Oligarchy and Democracy
Jeffrey A. Winters
Democratic institutions aren't sufficient in themselves to keep the wealthy few from concentrating political power.
Charles Darwin, Economist
Robert Frank
The Origin of Species is a better guide to our economy than The Wealth of Nations.
Frontier Economics
Brink Lindsey
Economic growth is increasingly taking place at the technological frontier. We need policies that keep pushing that frontier forward.
Toolbox: Constructive Dialogue
Thomas A. Stanton
Why have some financial firms weathered the crisis better than others? The answers contain lessons for how to regulate the industry.
POLICY SHOP
How to Shrink the IRS and Grow the Economy
Michael J. Graetz
A plan to ditch the income tax, make taxation fairer and aid economic growth all at the same time.

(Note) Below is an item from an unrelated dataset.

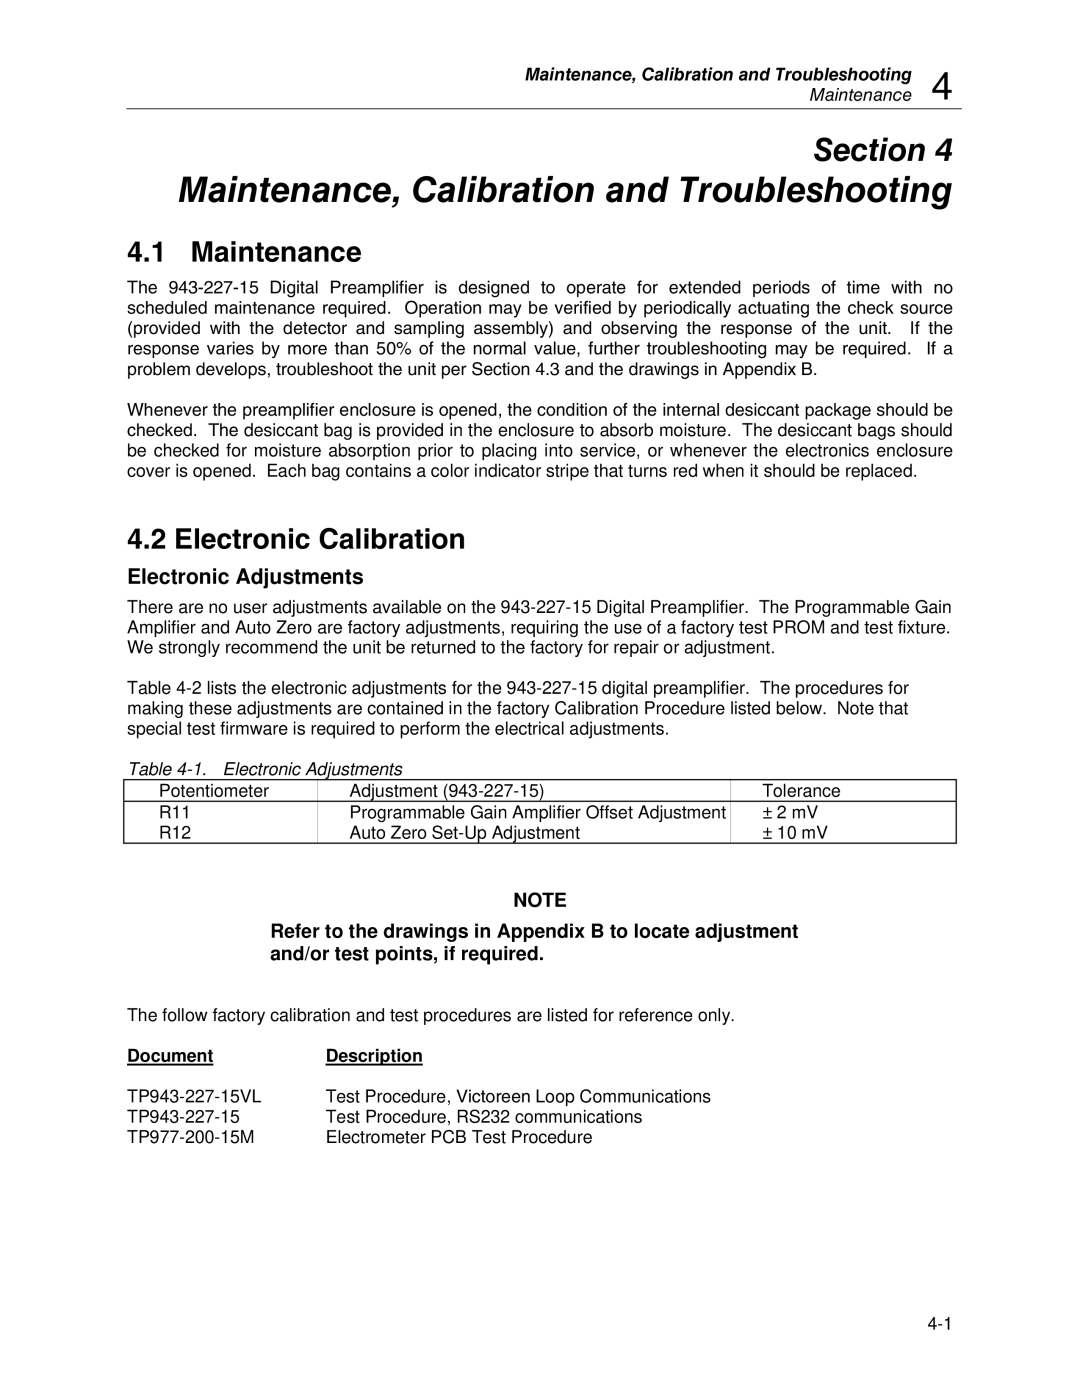 Fluke 943-227-15, 943-27 manual Maintenance, Calibration and Troubleshooting, Electronic Calibration, Electronic Adjustments

The Global Costs of American Ethanol
Rosamond L. Naylor & Walter P. Falcon
How U.S. ethanol policy creates global food insecurity.

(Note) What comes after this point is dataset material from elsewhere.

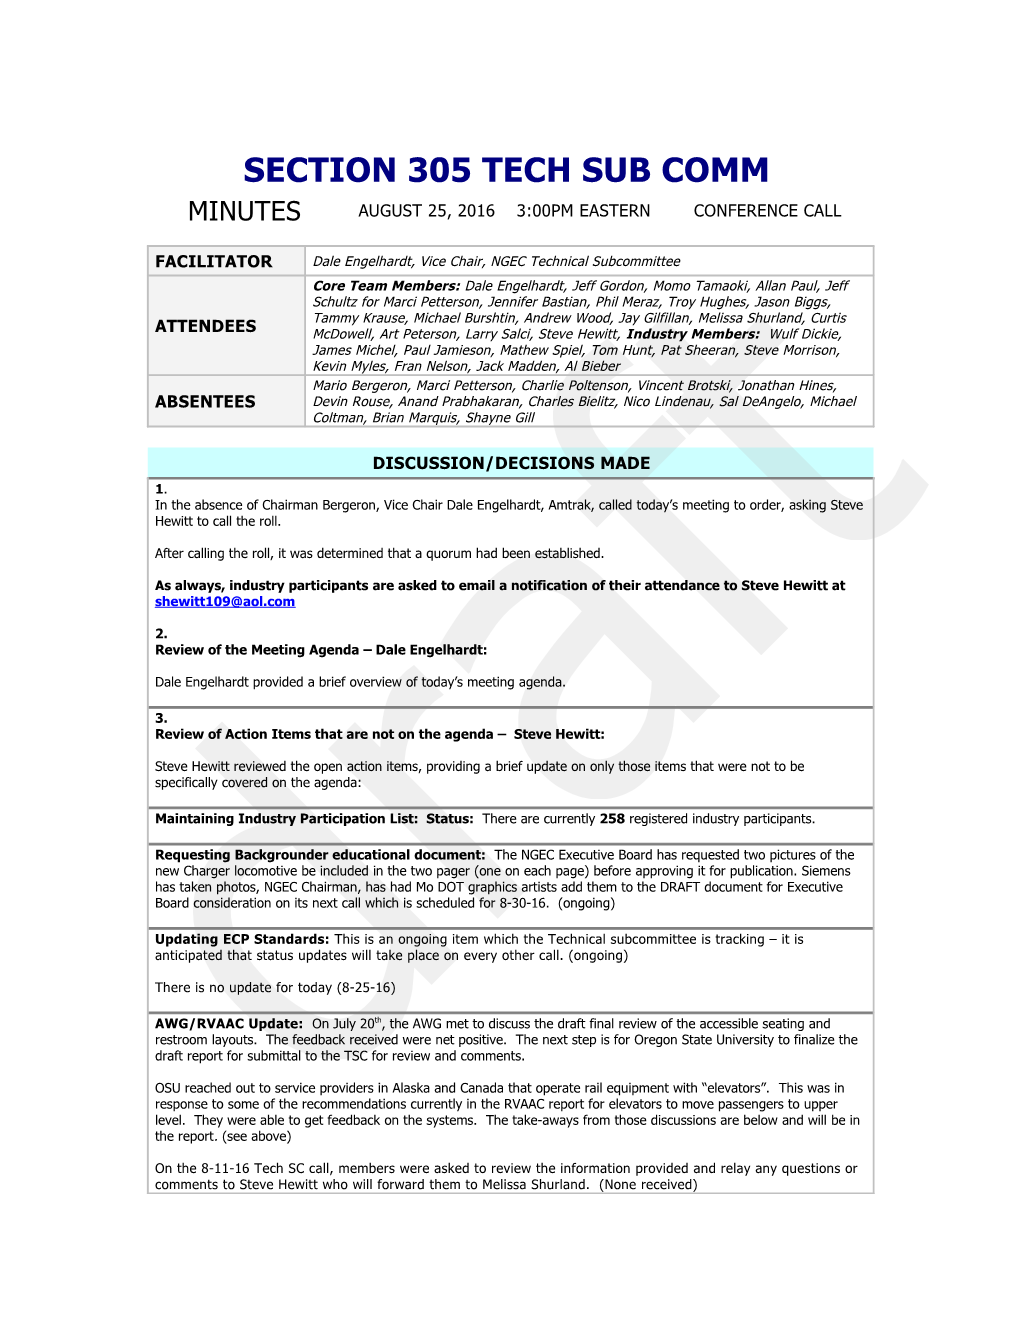 Section 305 Tech Sub Comm s18

Fannie, Freddie and the House of Cards
Mary Martell
The Obama Administration needs to be bolder in reforming the two government-sponsored mortgage giants.
REVIEWS
Tea Time
Jeremy D. Mayer
Millionaire Wall Streeters, media mavens and corporate titans make for unlikely populists.
The Way We Were?
Fred Baumann
What So Proudly We Hail is more than just a memorial to a bygone American era; it's a handbook for recovering endangered civic virtues.
The Justice Trickle
Jeremy Rabkin
Are human rights prosecutions inexorably on the rise? It all depends on how you count them.
Good People, Bad Laws
Kenneth M. Davidson
If you expect the worst from people, they'll often oblige.
Retroview: The Money Man
George S. Tavlas
Alexander Del Mar's view on the origins of money were revolutionary for the 19th century. Why have so few people heard of him?
NOTES & LETTERS
The Post-Imperial Blues: A Letter from Vienna
Franz Cede
Austria-Hungary and the Soviet Union both lost empries. What can we learn from how they coped?
American Political Dysfunction
Francis Fukuyama
America's system of checks and balances usually works well, but not when it comes to fixing the Federal budget.
I am reading through my paper copy, and will finish it tonight since I have an Amtrak train to ride to New York. I'll close this diary entry with a quote lifted from the article Tea Time:
. Never has an American populist movement been launched by so many who fart through silk.
This issue exudes influence from OWS.